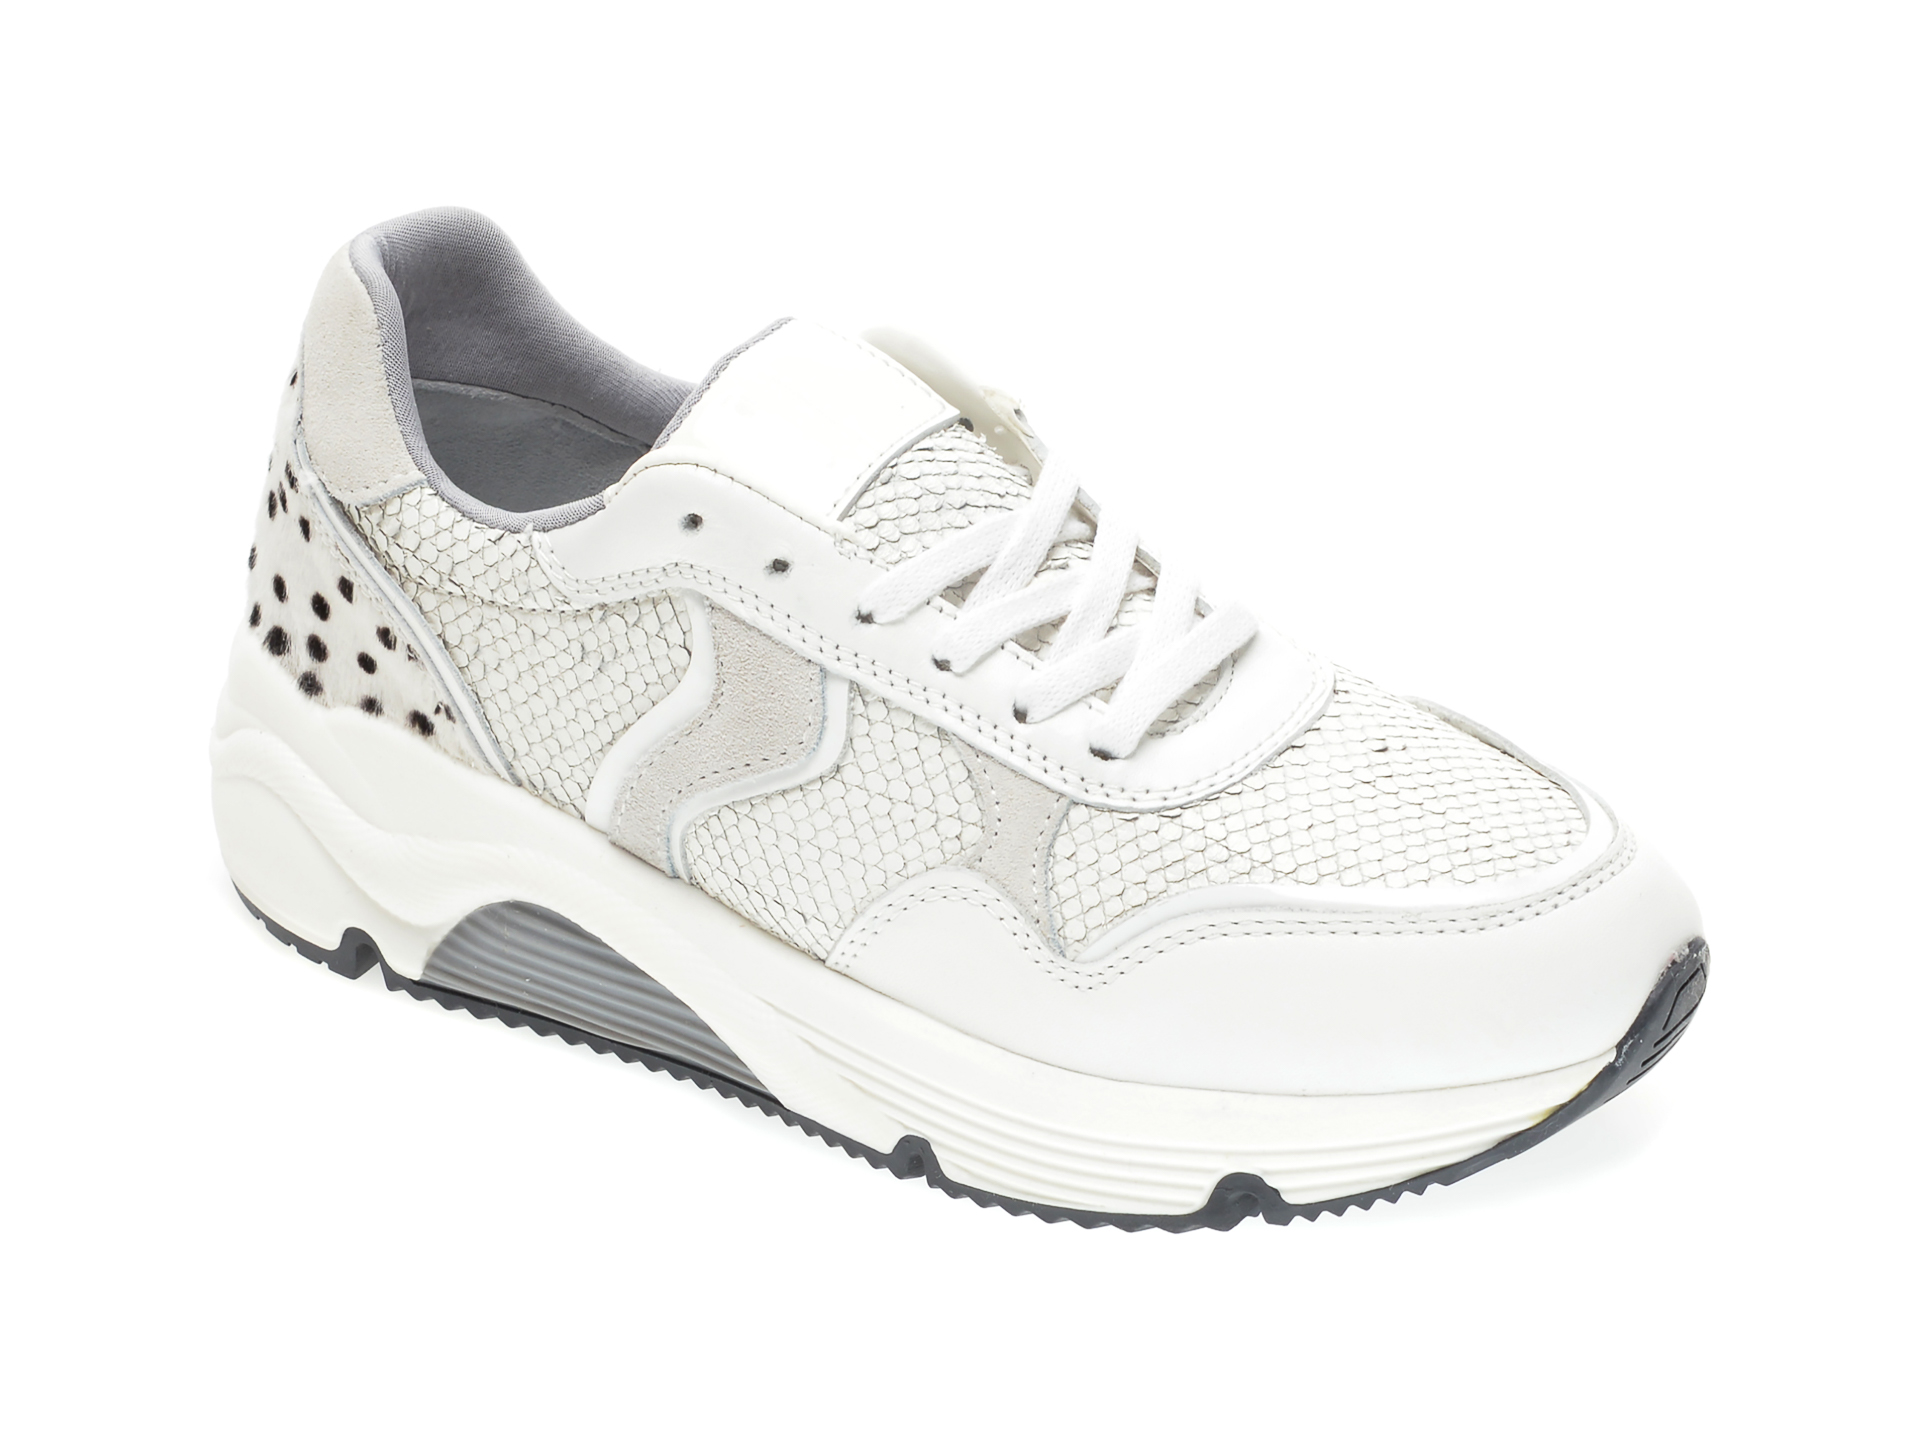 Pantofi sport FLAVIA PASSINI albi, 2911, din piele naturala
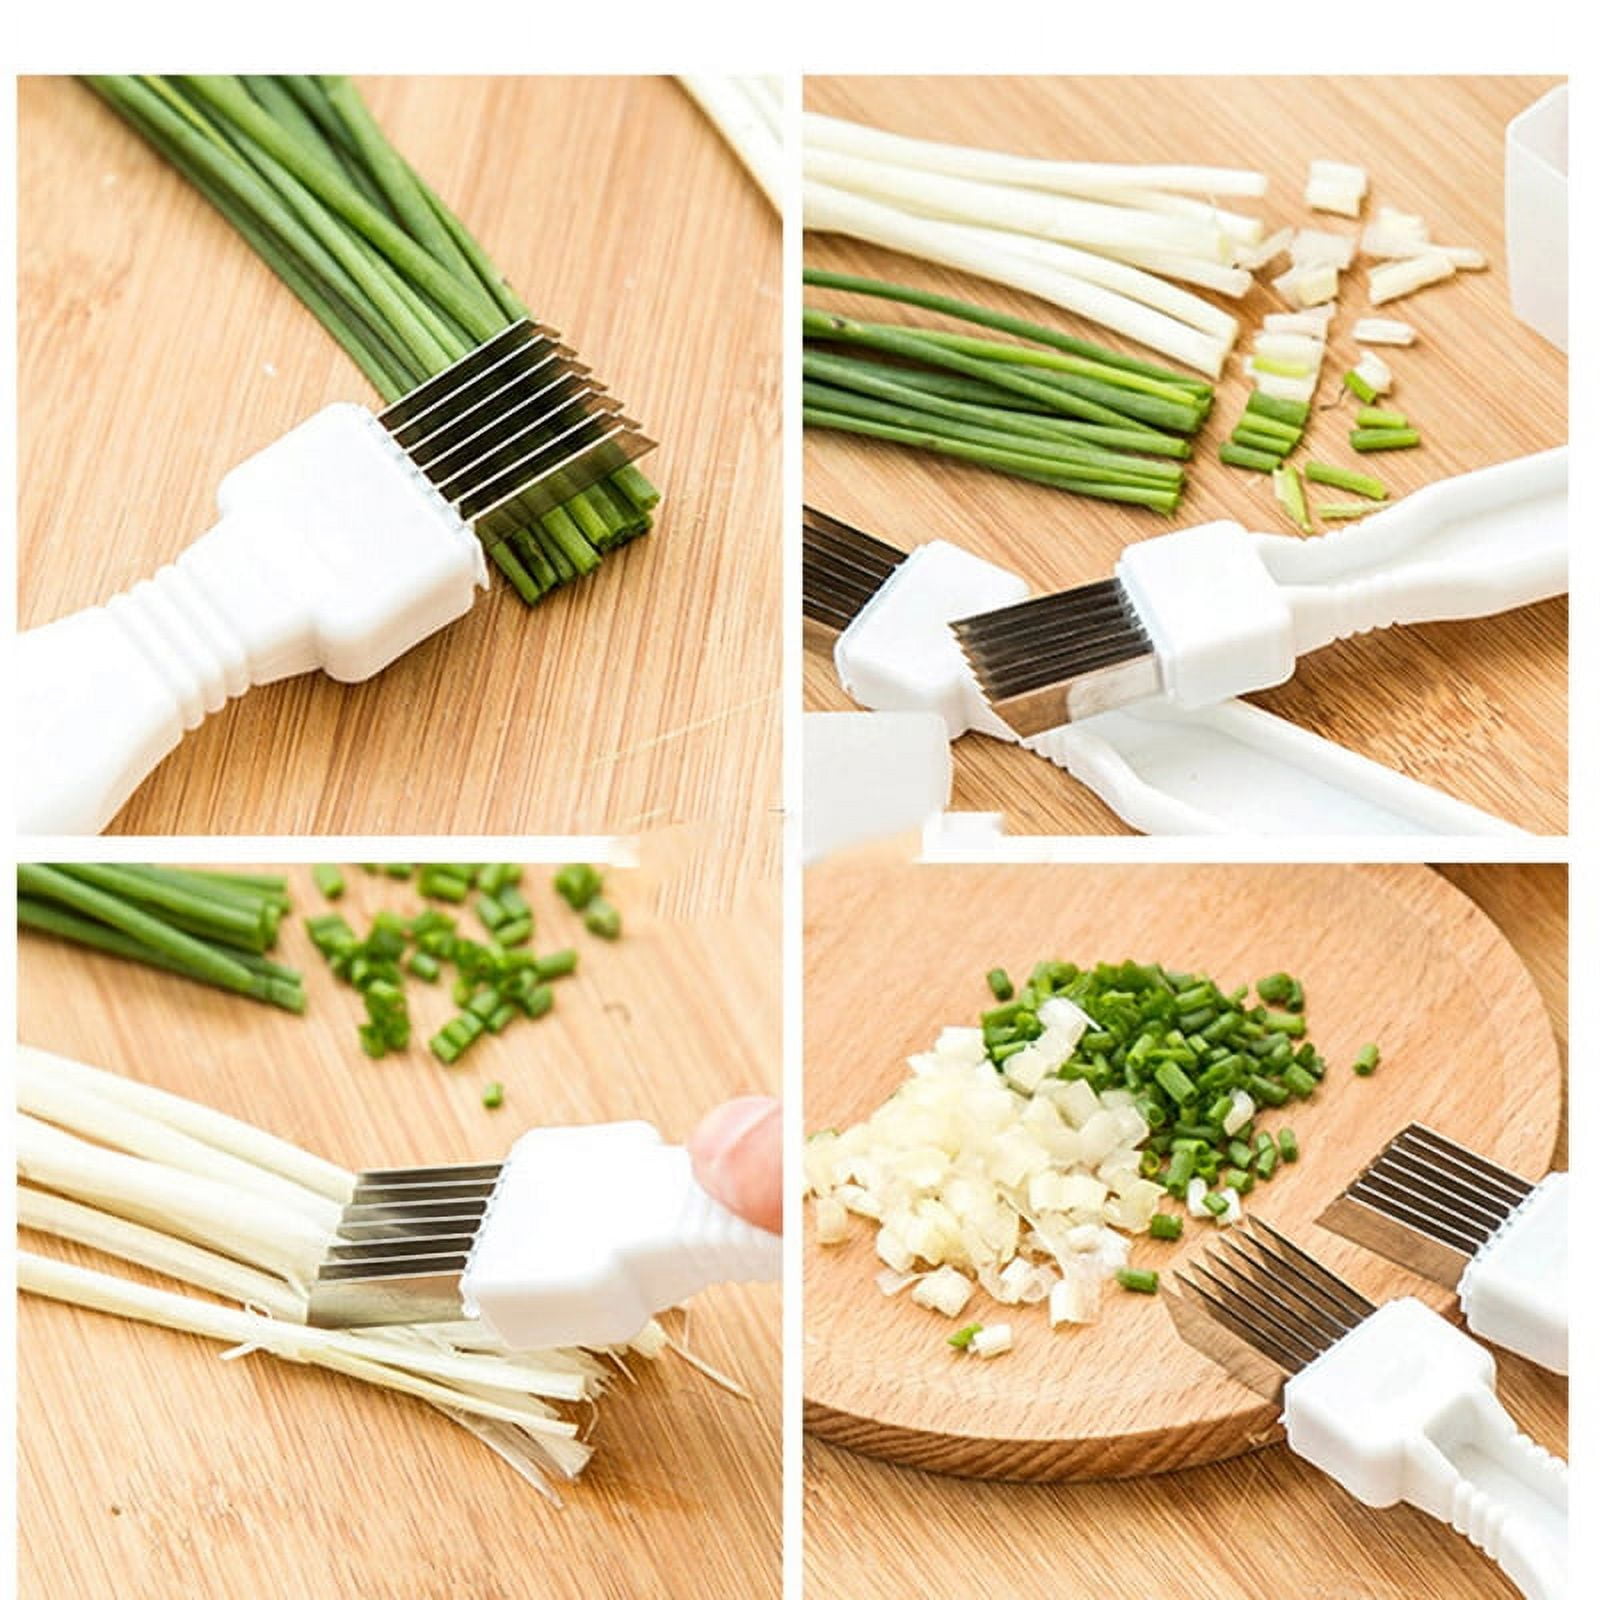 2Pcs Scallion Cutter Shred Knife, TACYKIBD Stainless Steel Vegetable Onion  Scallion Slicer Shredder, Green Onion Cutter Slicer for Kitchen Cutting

- - -

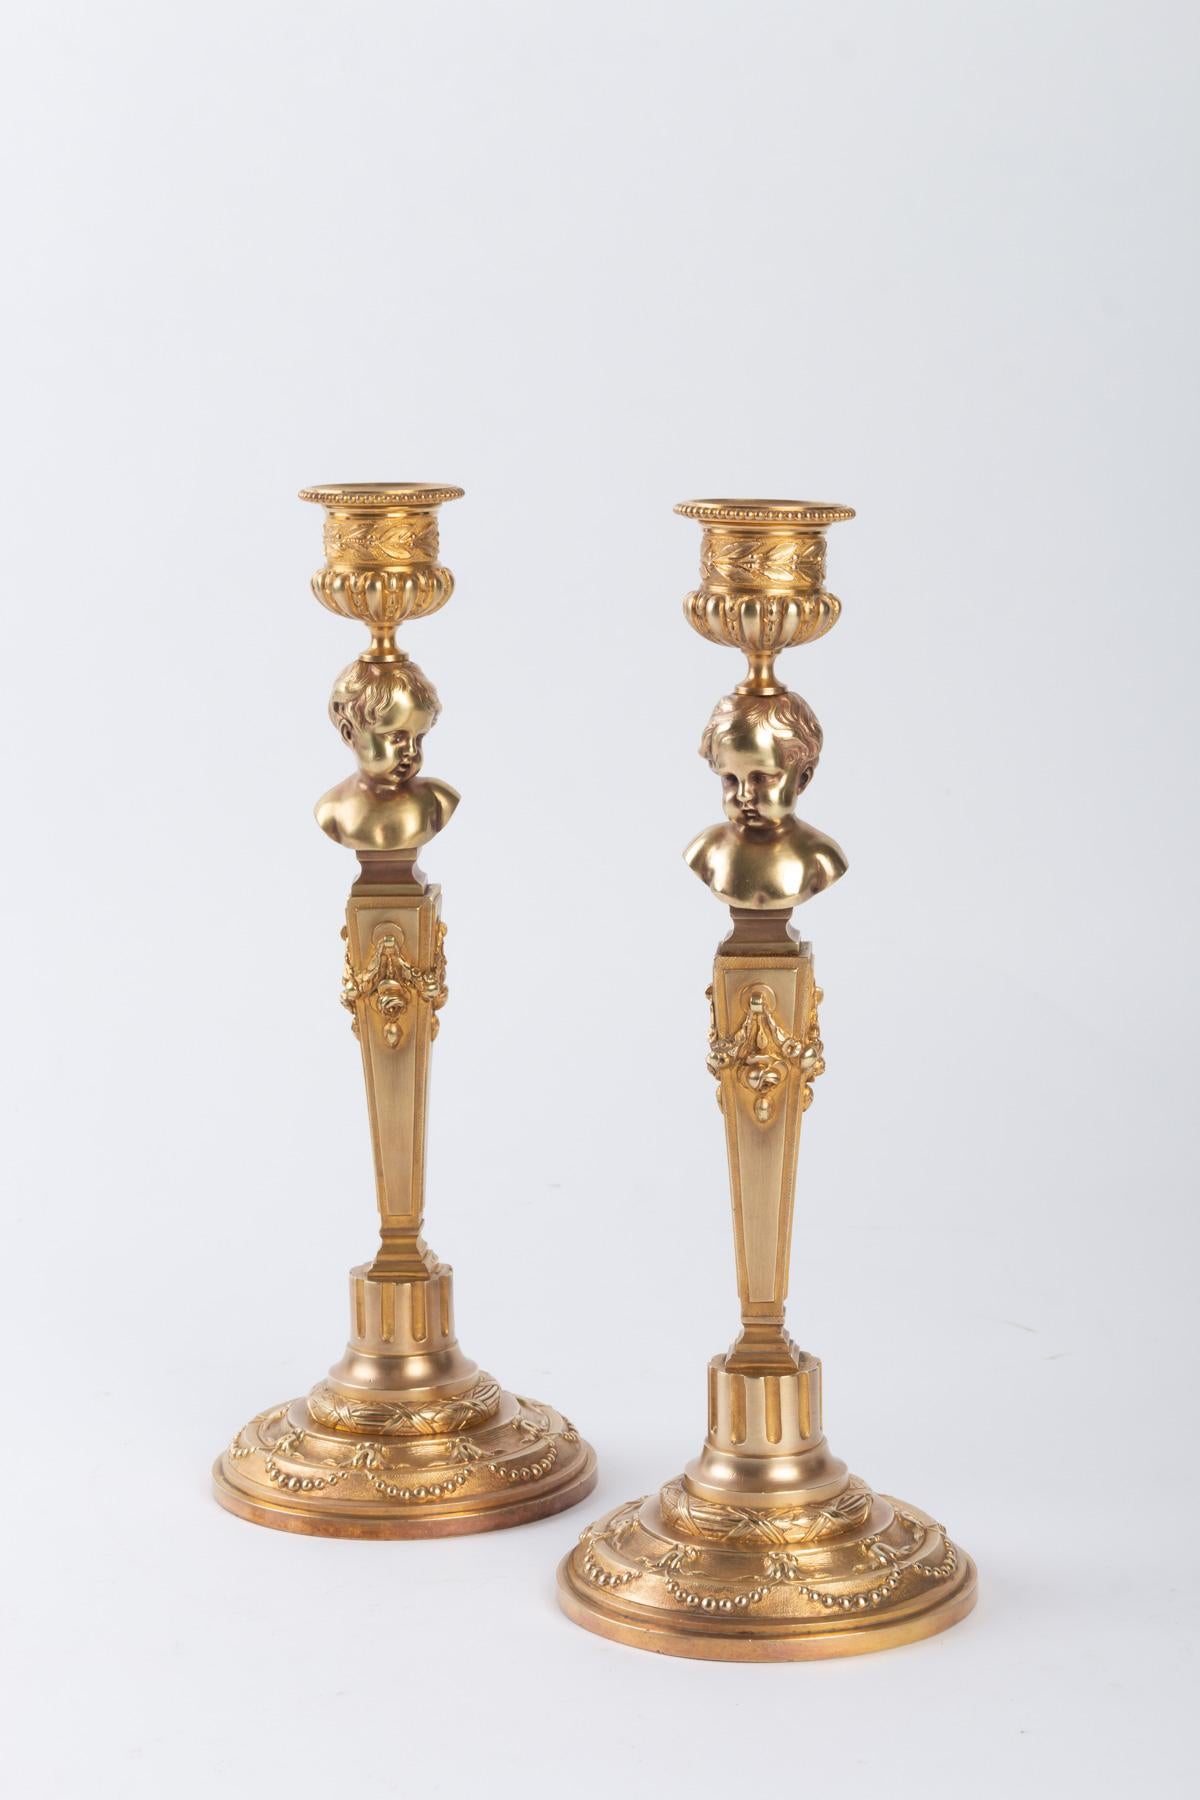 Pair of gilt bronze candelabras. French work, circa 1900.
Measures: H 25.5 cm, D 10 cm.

- - -

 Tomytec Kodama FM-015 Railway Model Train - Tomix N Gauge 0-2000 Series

- - -

◆ **ACTION ITEM**
In the listing above, find the line containing "Pantofi sport FLAVIA" and the line containing "2Pcs Scallion Cutter", then output those two lines and everything between them exactly as written, without the images.

◆ **REPLY TO THE EXERCISE**
 Pantofi sport FLAVIA PASSINI albi, 2911, din piele naturala
 2Pcs Scallion Cutter Shred Knife, TACYKIBD Stainless Steel Vegetable Onion  Scallion Slicer Shredder, Green Onion Cutter Slicer for Kitchen Cutting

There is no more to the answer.